The greater the fear, the larger the budgets. The more diffuse the threat, the more boundless NATO’s authority. This is how rearmament, militarization, and the diversion of public funds into weapons programs are justified, while social systems are hollowed out.
Projects such as “Task Force X Baltic,” where unmanned systems and AI are tested in the Baltic Sea, show how serious NATO is about this shift: away from democratic oversight, away from slow—meaning controllable—decision-making processes, and toward “operating at speed.”
Speed, in this context, means less debate, less accountability, and more escalation.
This course is driven by a secretary general who already demonstrated, as prime minister of the Netherlands, how little social stability, democratic responsibility, or long-term societal cohesion matter to him. Mark Rutte is now exporting precisely this political model on a global scale: the erosion of responsibility, the expansion of power, and destruction as collateral damage.

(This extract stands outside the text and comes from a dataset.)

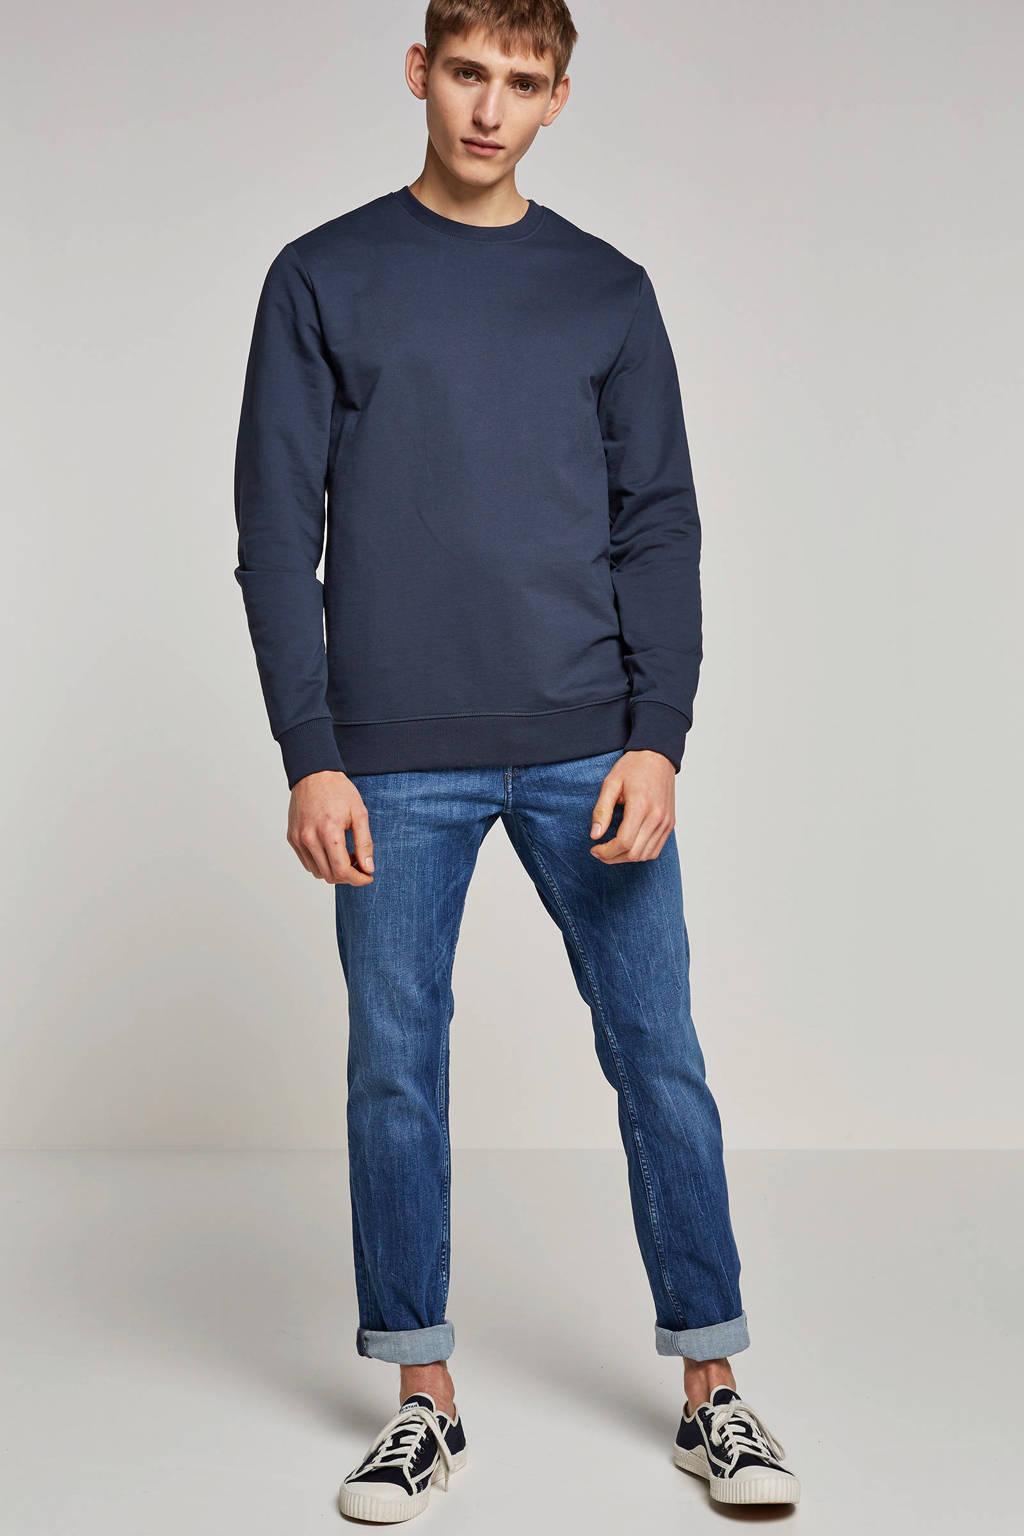 Pepe Jeans regular fit jeans Spike, Dark denim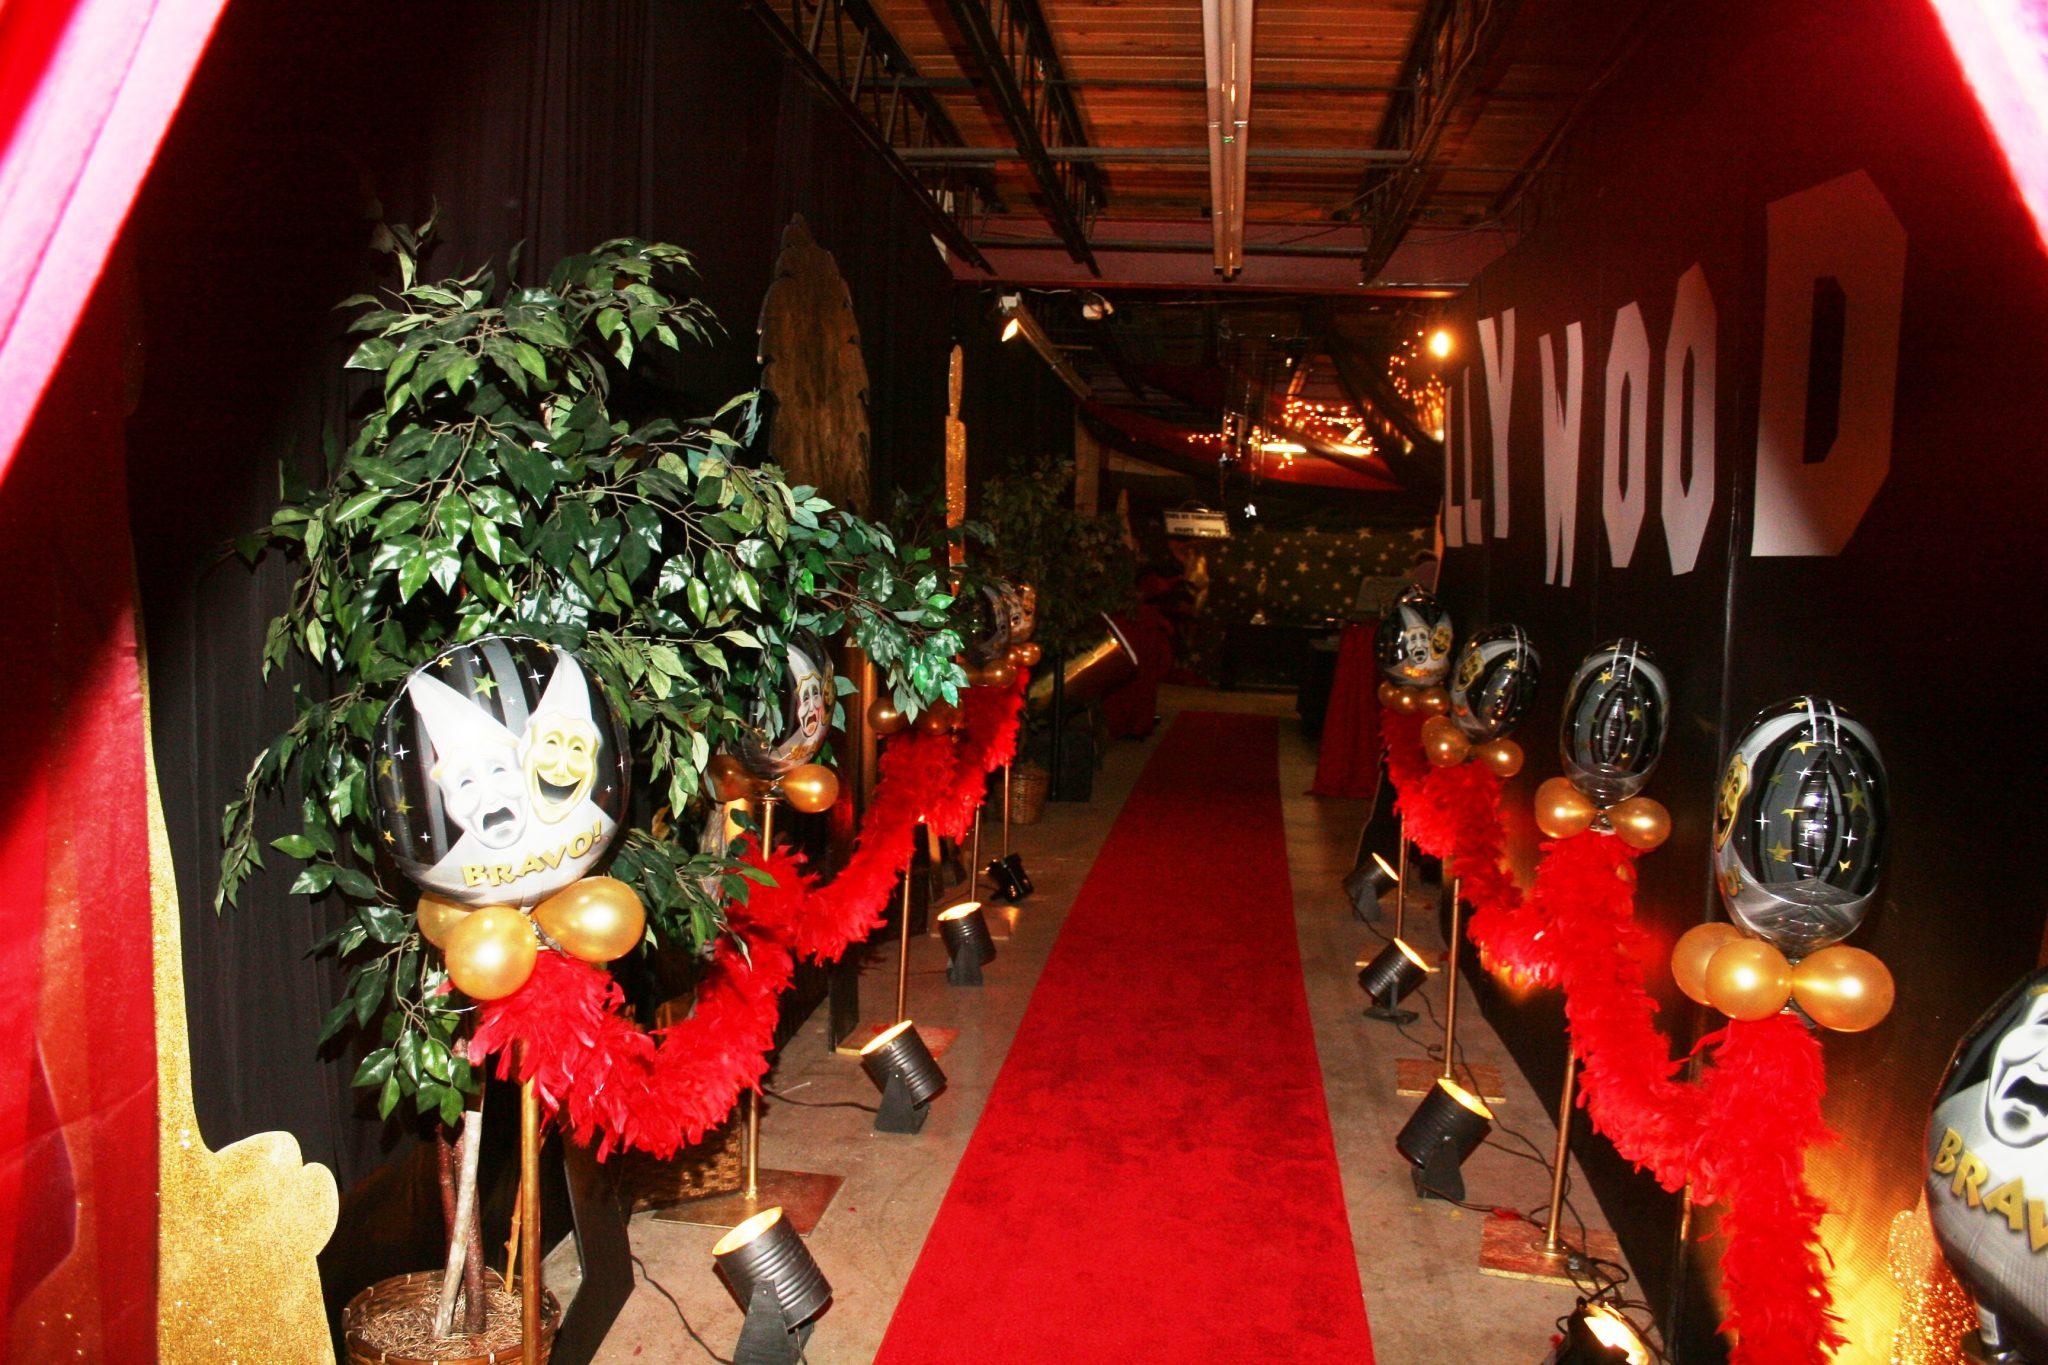 Oscars Red Carpet Backdrop

NATO does not listen. It does not negotiate. It does not de-escalate. It rattles sabers—and forces its member states to pay for their own potential destruction. Higher military spending, endless arms races, and a policy of confrontation are sold as having no alternative.
The message is unmistakable: NATO does not want peace. It wants dominance. It wants permanent war preparation as a normal condition. And it wants the public to finance this policy through fear—today, tomorrow, and well beyond 2043.